Something new or the same issue as before?

Reply to
Joe

Same old thing. Starts, but wants to stall out for the first minute or so. After that, runs fine.

I've worked my way up the intake trail, and now have a new map sensor, too. (At this point, I think my mechanic is guessing. Still, the CHECK ENGINE light is out for the first time in years.)

Next time in, I want to look over his shoulder at whatever codes are being reported. This is getting annoying.

dwight

Reply to
dwight

"dwight" wrote in news:r9udnRPRm_feoZTYnZ2dnUVZ snipped-for-privacy@comcast.com:

OK, now I'm intrigued. If you force it to stay running, does it hold an idle after it's warmed up? IOW, does the symptom appear only when it's cold?

Speaking of cold, I just thought about it - 4/5 of the year our vehicles are never below 77 degrees, so they rarely run under the "choke" scenario. They almost always get to standard operating temperature within a minute or two.
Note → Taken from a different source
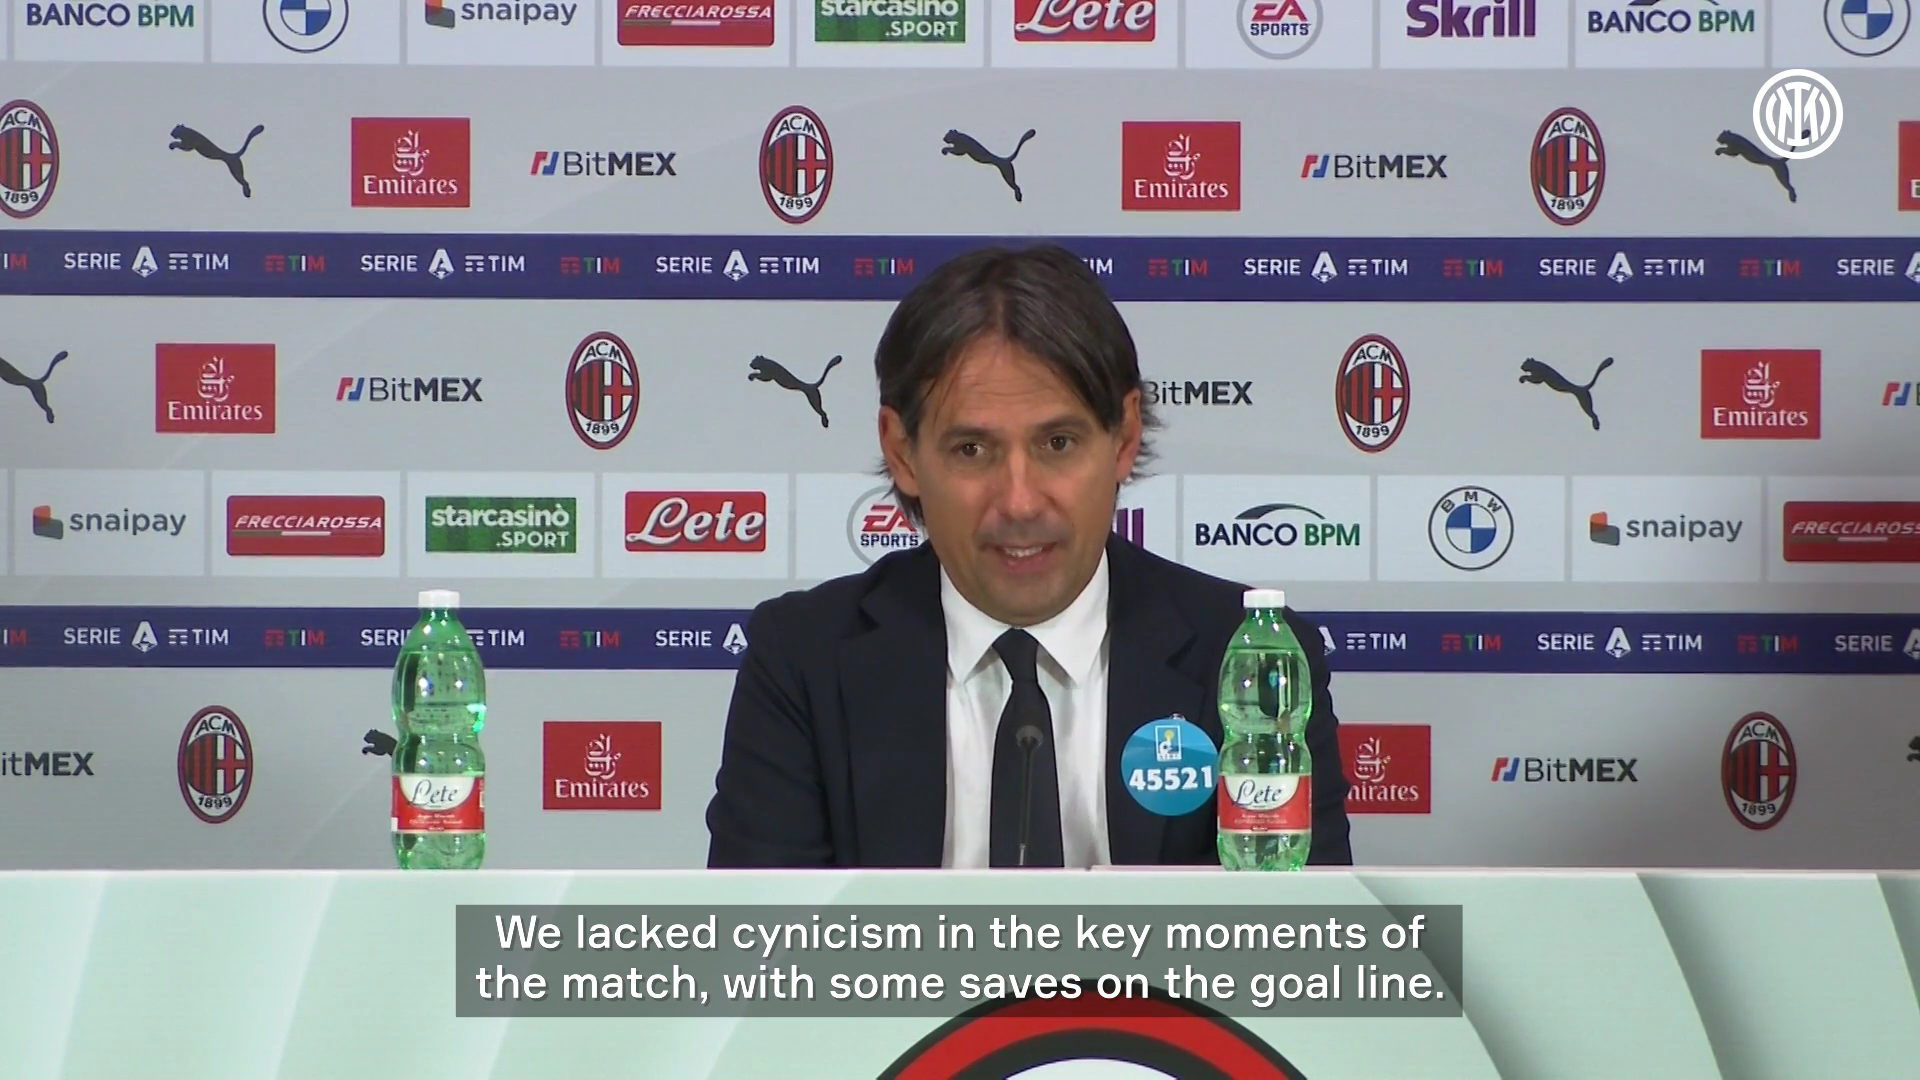 VIDEO: Simone Inzaghi yakin Derby Della Madonina Dapat Tingkatkan Kepercayaan Diri Timnya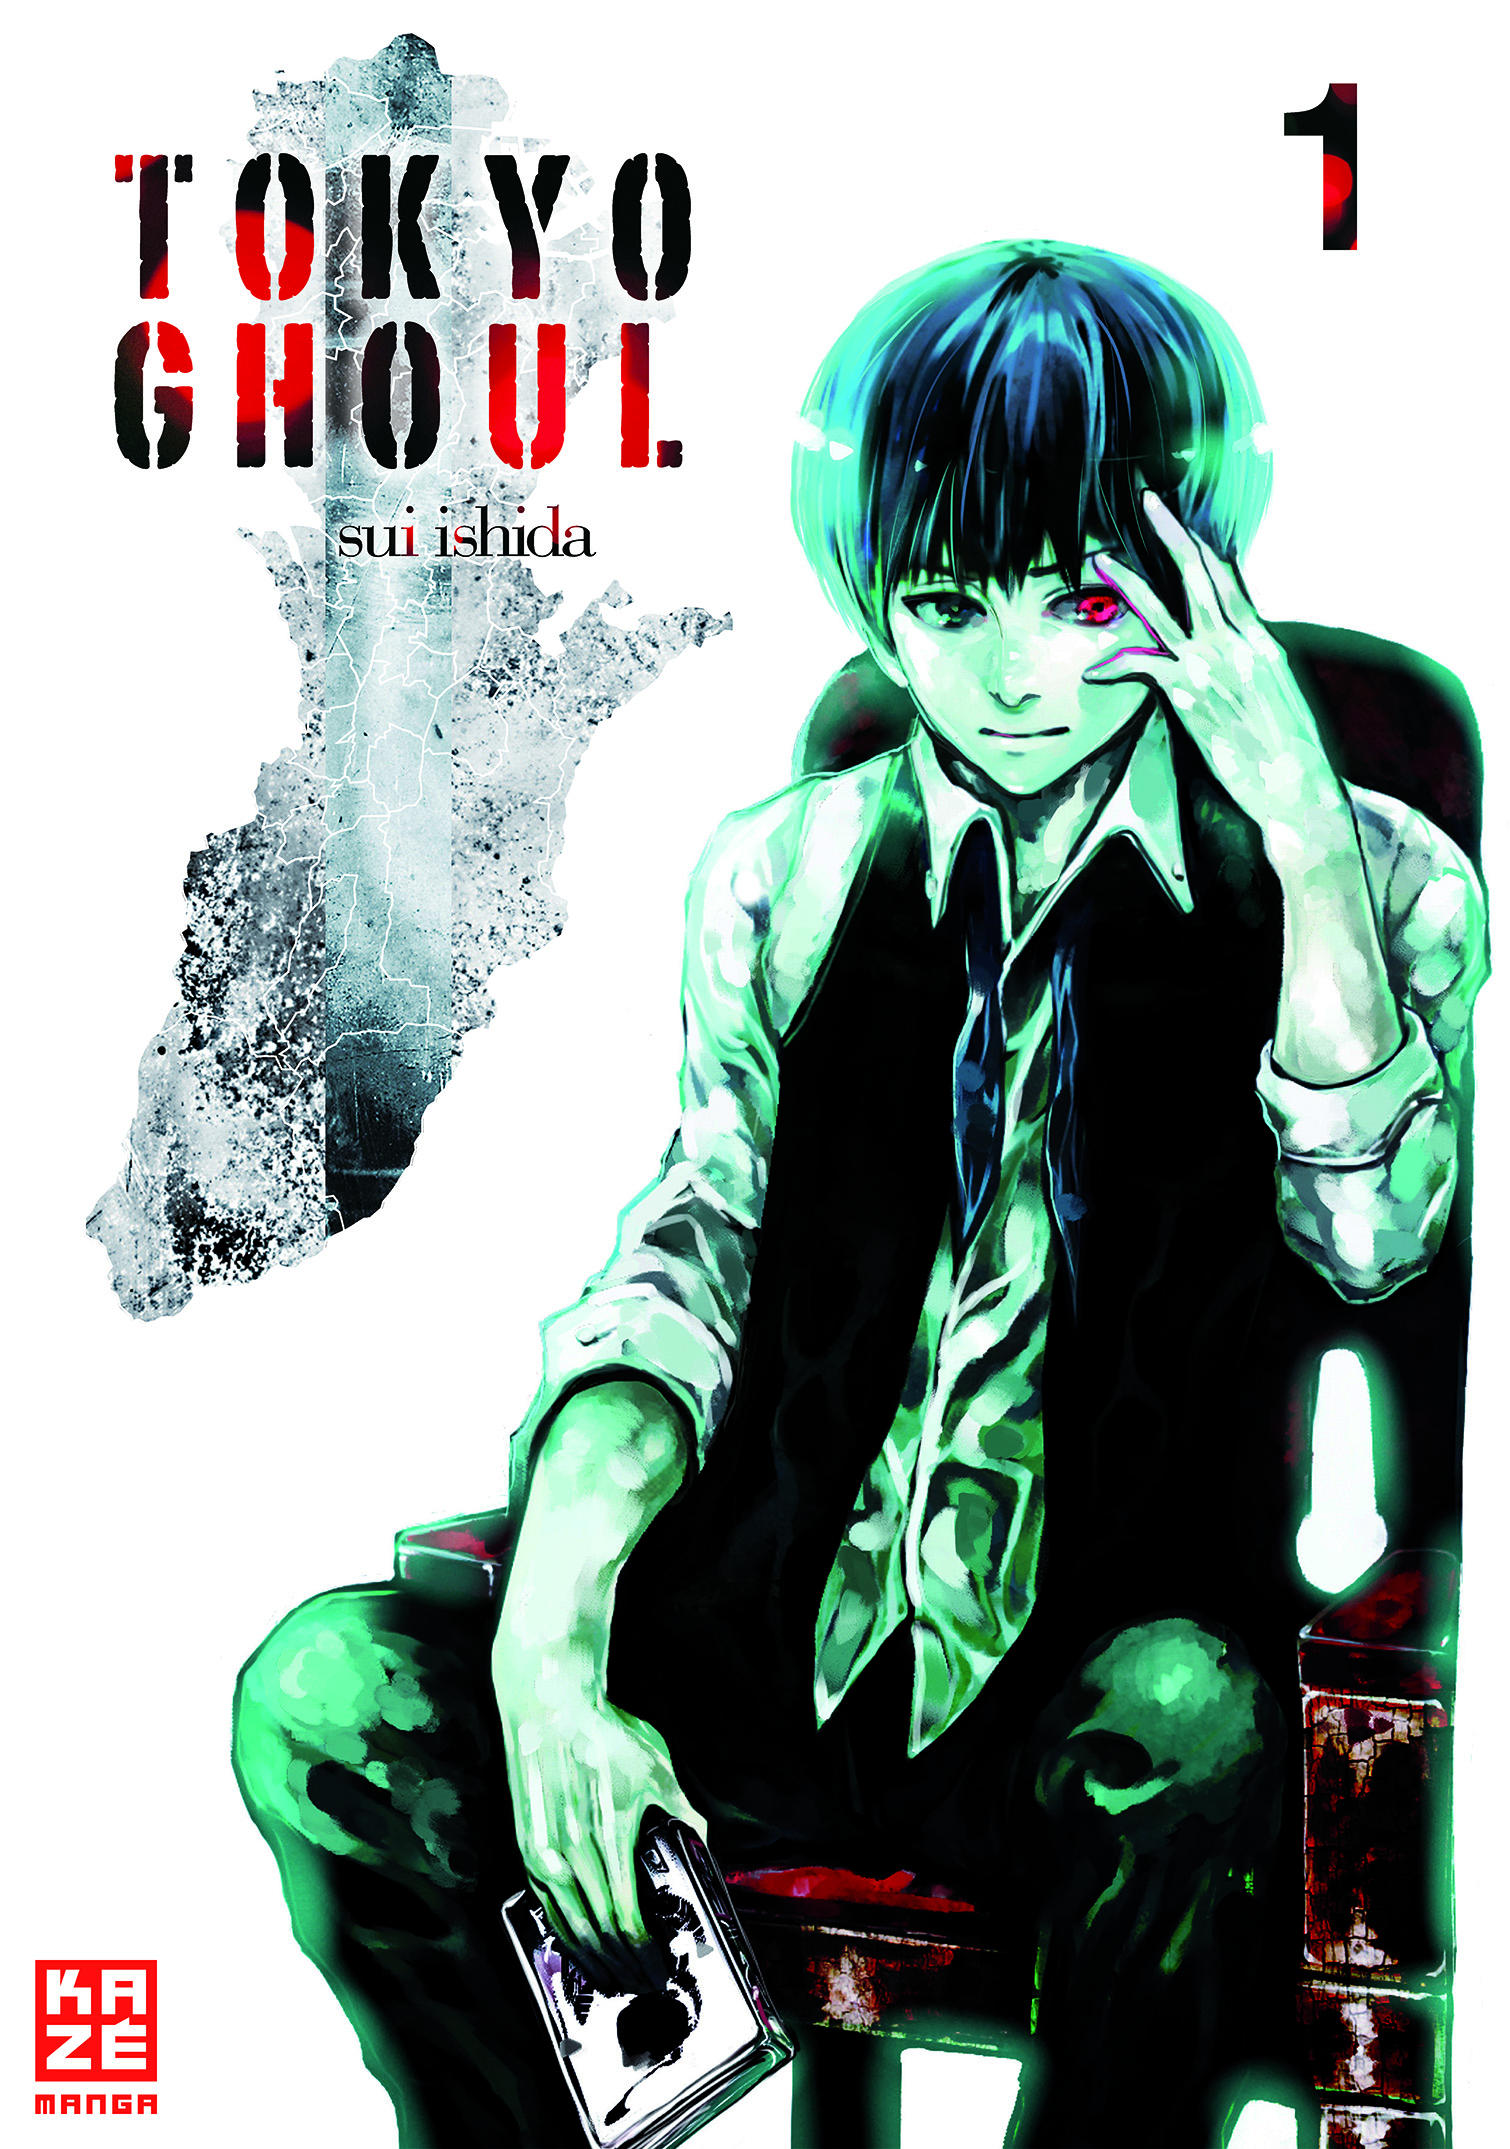 Band Tokyo 1 – Ghoul

Joe Calypso Green '93 5.0 LX AOD hatch with a few goodies Black '03 Dakota 5.9 R/T CC

Reply to
Joe

Yep. Really takes only about 30 seconds, then I start driving. By the time I hit my first stop sign, it no longer wants to stall out.

It hasn't exactly been cold here, either (low in the high 50s lately). Even so, when you consider the temperature outdoors vs. the engine's normal operating temperature, what's 20 degrees between friends?

dwight

Reply to
dwight

hell, neither do I. How early are we talking here? Once you retire and start getting up about 10AM that one will work its self out...

Reply to
WindsorFox[SS]

At the risk of sounding silly, I thought MAP sensors were for speed density cars???

Reply to
WindsorFox[SS]

I did some reading on the map, and all I found was that the vacuum hose need not be attached in mass air cars. Otherwise, it's in there (on both Frogs), hooked up, and must be doing something.

dwight

Reply to
dwight

"dwight" wrote in news:VoadnbcNW667jpfYnZ2dnUVZ snipped-for-privacy@comcast.com:

OK, so it's something with what I'll call the "choke" circuit. Idle air valve? The thing on the distributor? Maybe the computer? Just guesses...

...maybe a light jacket or sweater? ;)

Reply to
Joe

That might be the whole problem right there. It's possible that going on Daylight Savings Time will fix the whole thing.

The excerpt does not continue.